Assigned task: Would you return, word for word, the lines running from the one with "redigerbar stroke linje" to the final line of the listing below, pictures omitted?

*** Information supplied Section Begins ***

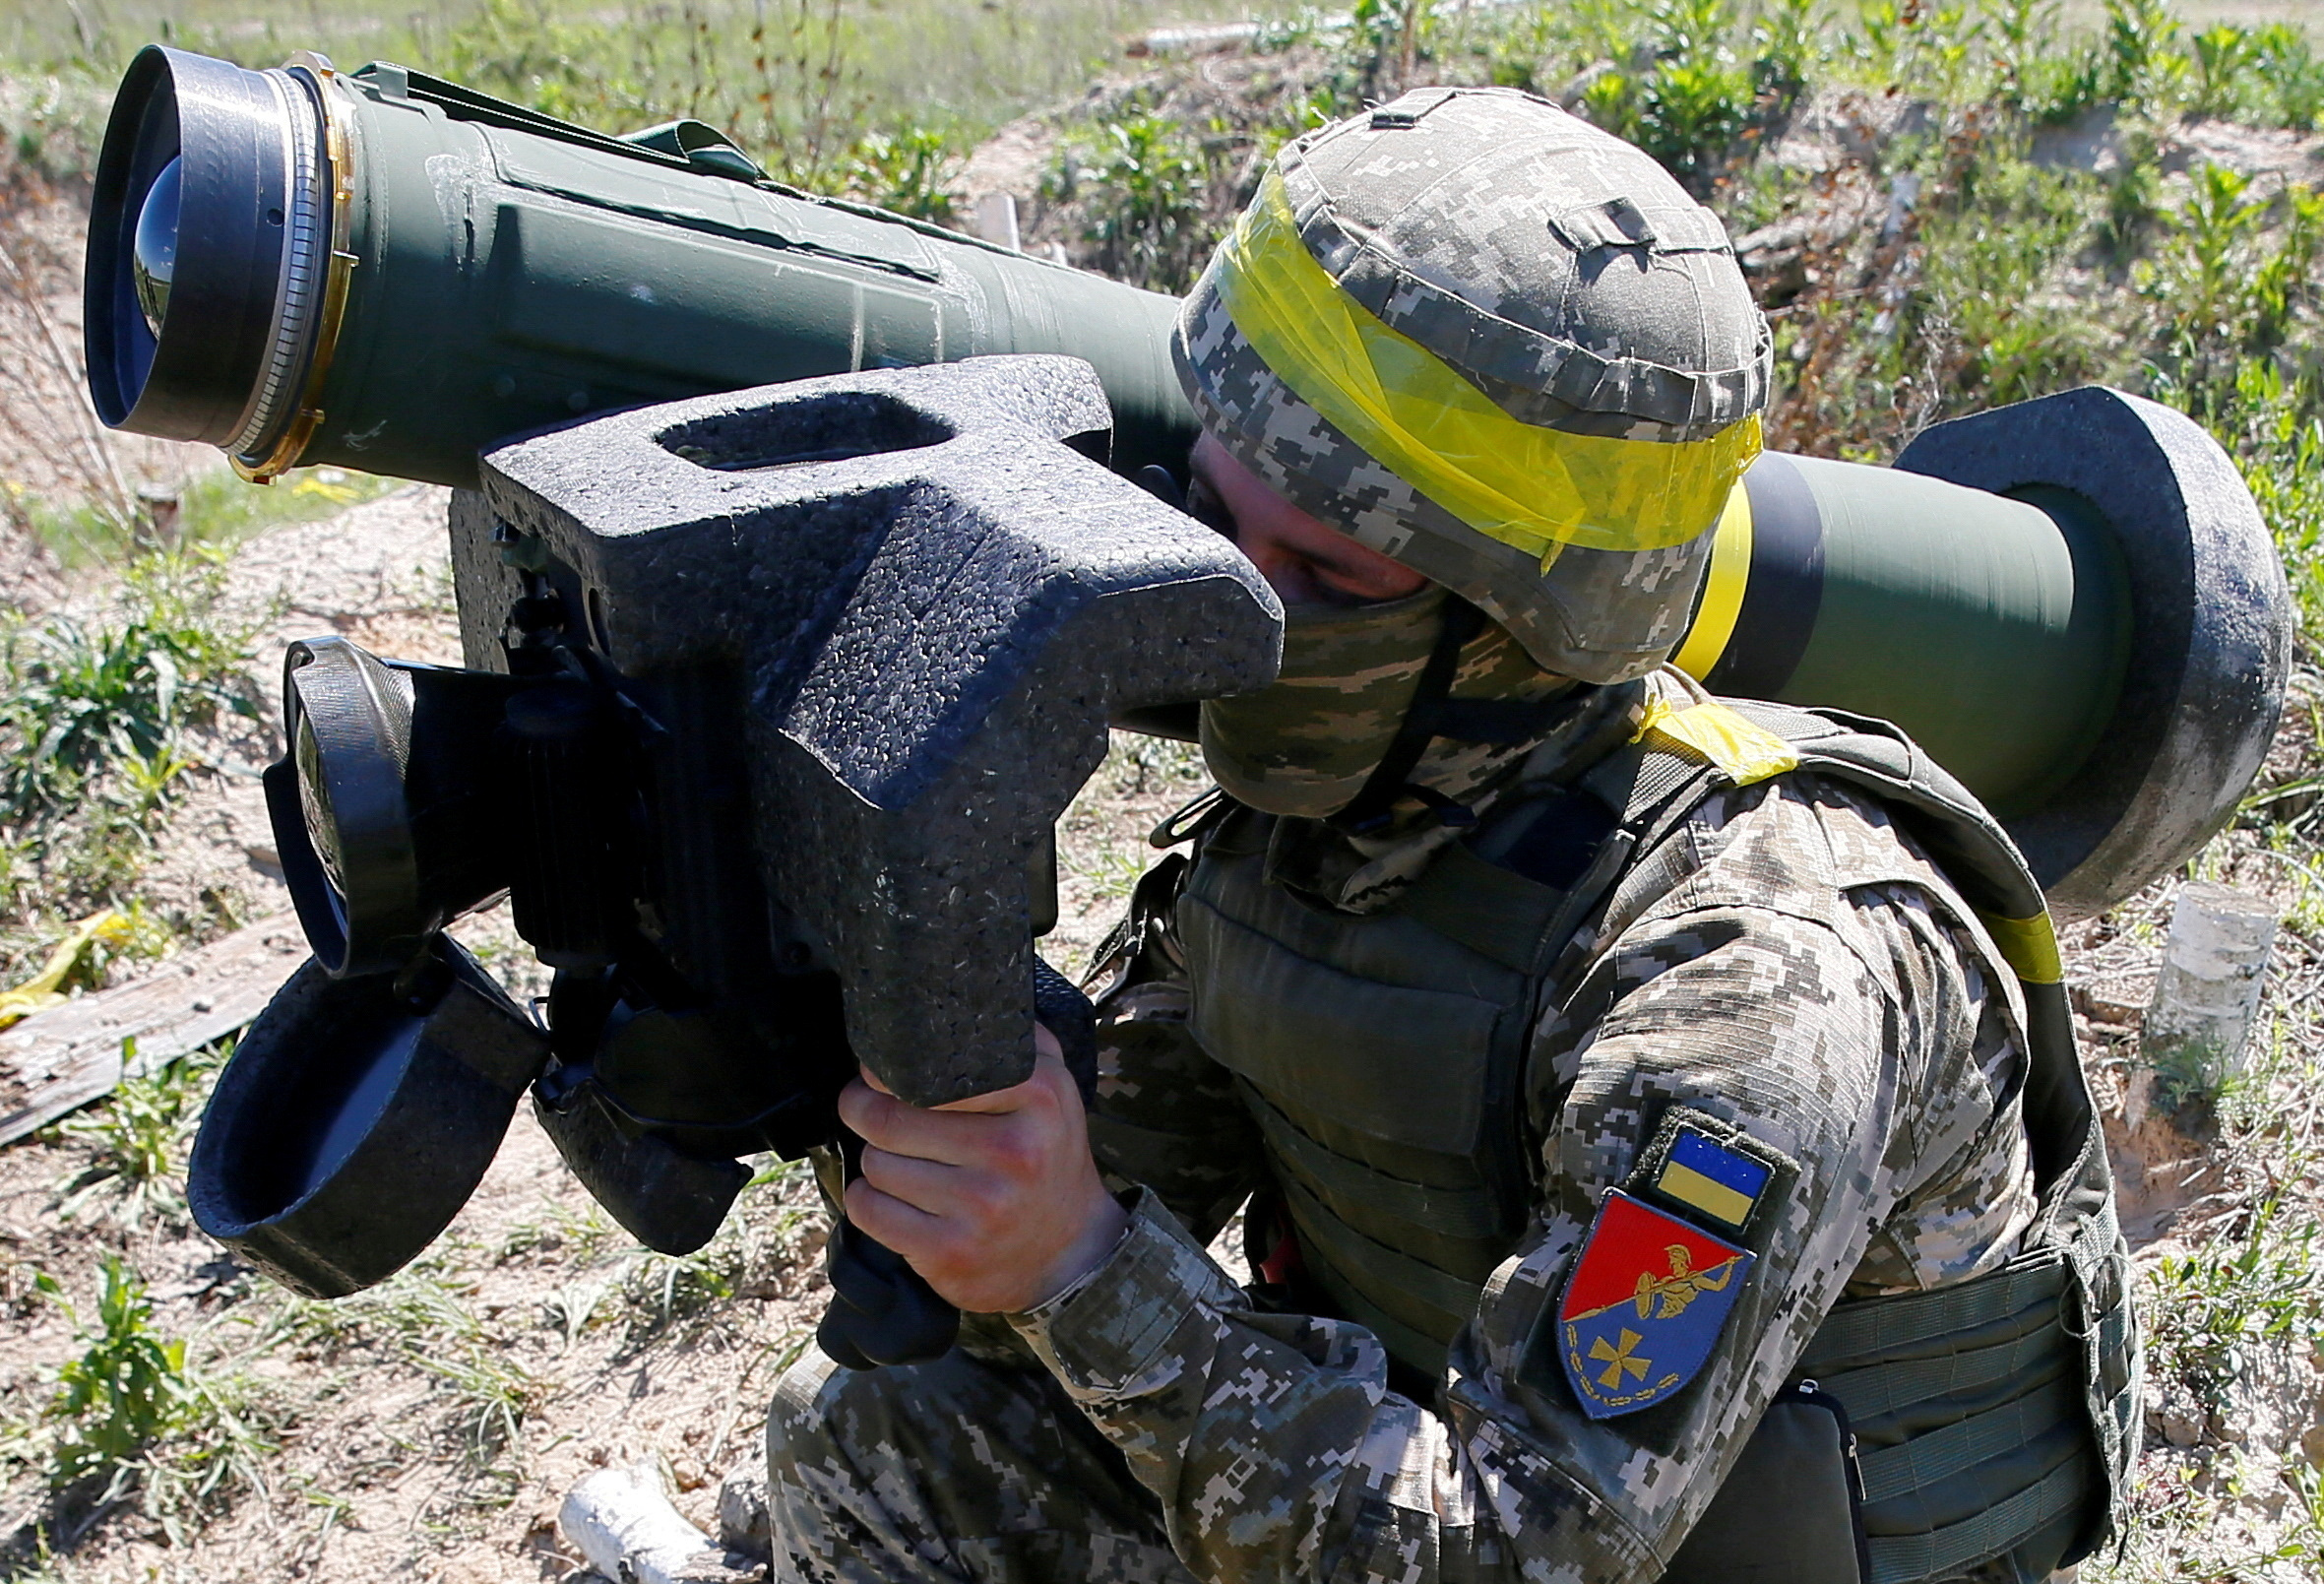 FOTO DE ARCHIVO: Un soldado sostiene un sistema de misiles Javelin durante un ejercicio militar en el centro de entrenamiento de las Fuerzas Terrestres de Ucrania cerca de Rivne, Ucrania 26 de mayo de 2021. Foto tomada el 26 de mayo de 2021. REUTERS/Gleb Garanich/F/File Photo
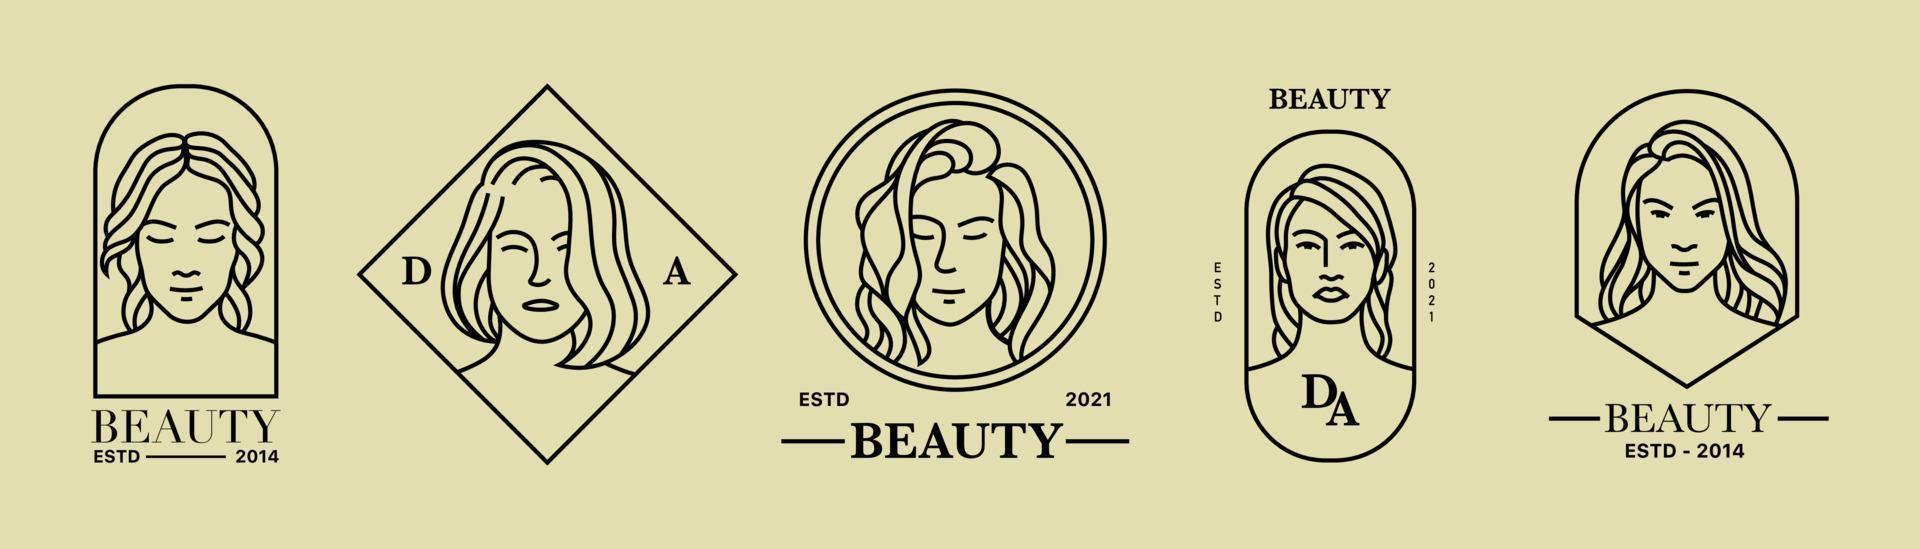 redigerbar stroke linje samling av flickan märket i en svart monoline stil. enkla logotypidéer för hudvård, smink, skönhetssalong, etc. vektor
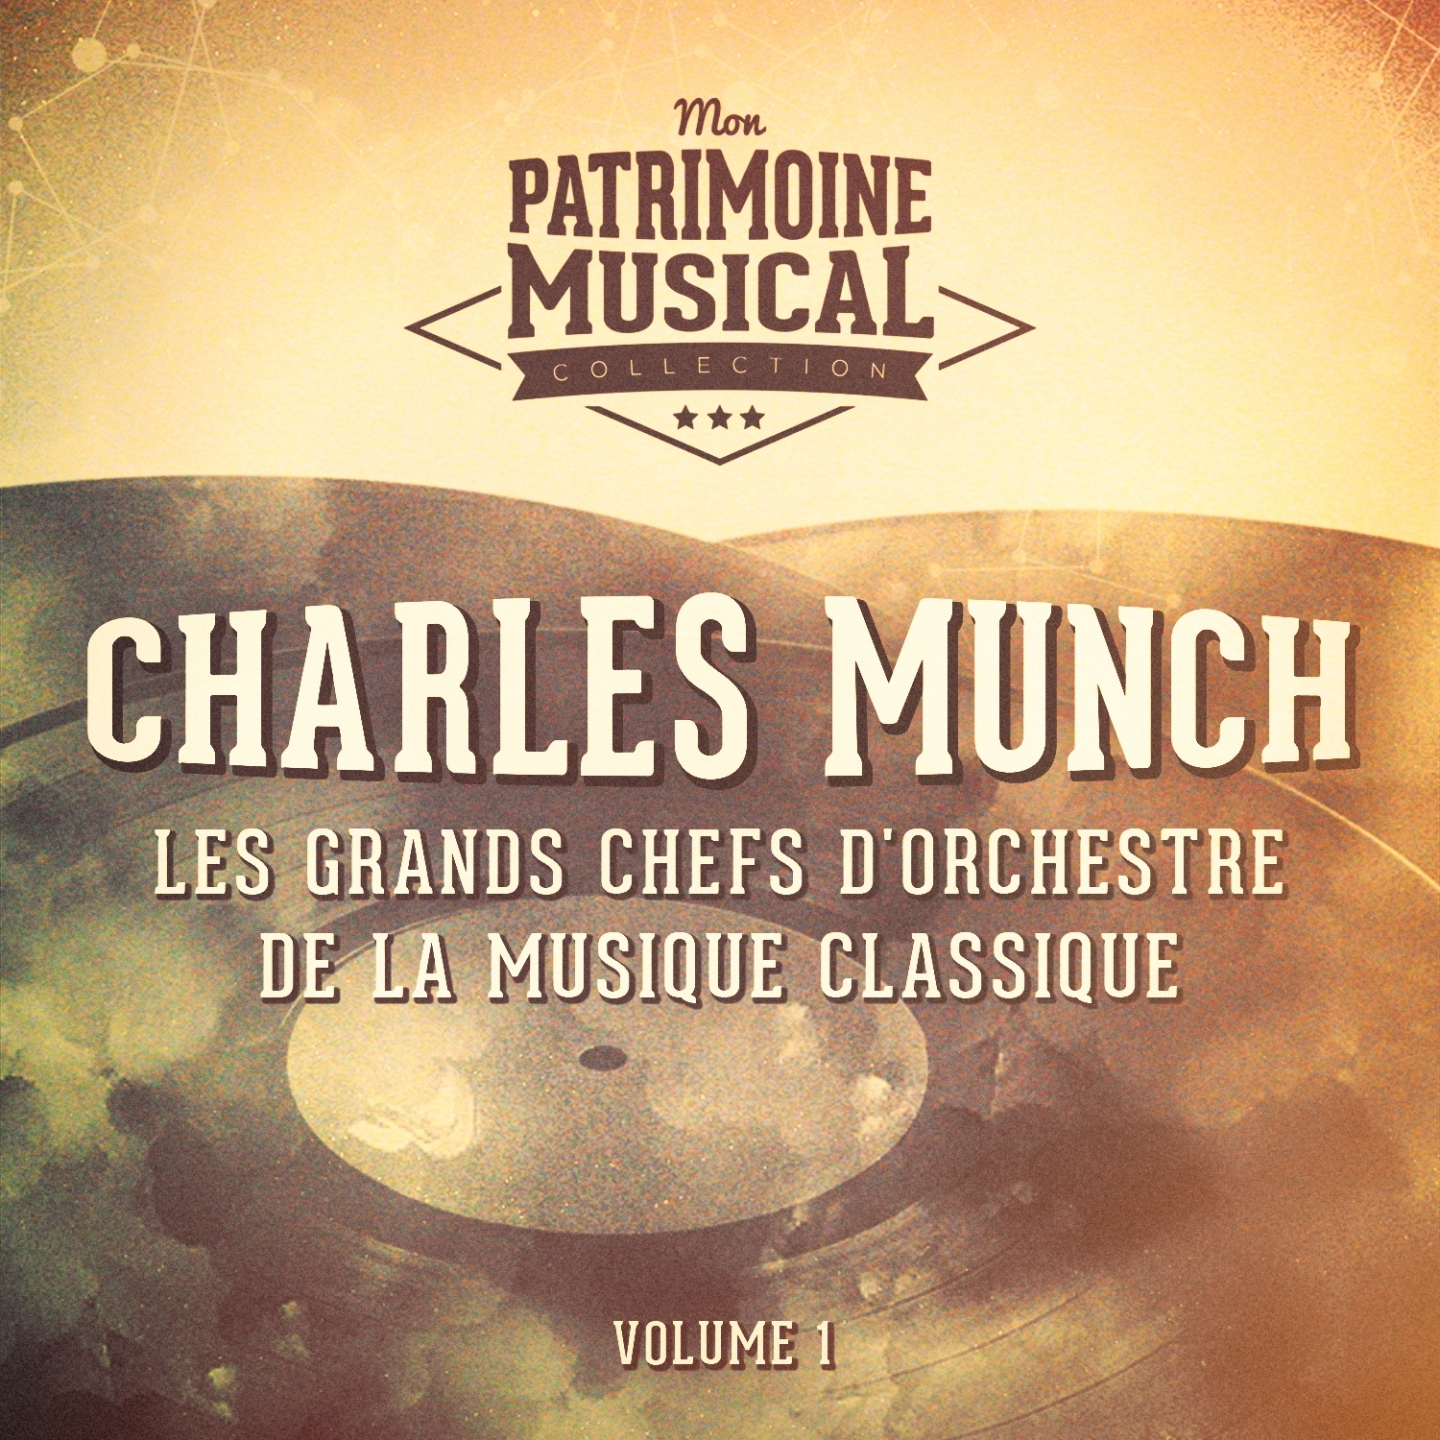 Les grands chefs d'orchestre de la musique classique : Charles Munch, Vol. 1

*** Information supplied Section Ends ***

Task solution:
 redigerbar stroke linje samling av flickan märket i en svart monoline stil. enkla logotypidéer för hudvård, smink, skönhetssalong, etc. vektor
 Les grands chefs d'orchestre de la musique classique : Charles Munch, Vol. 1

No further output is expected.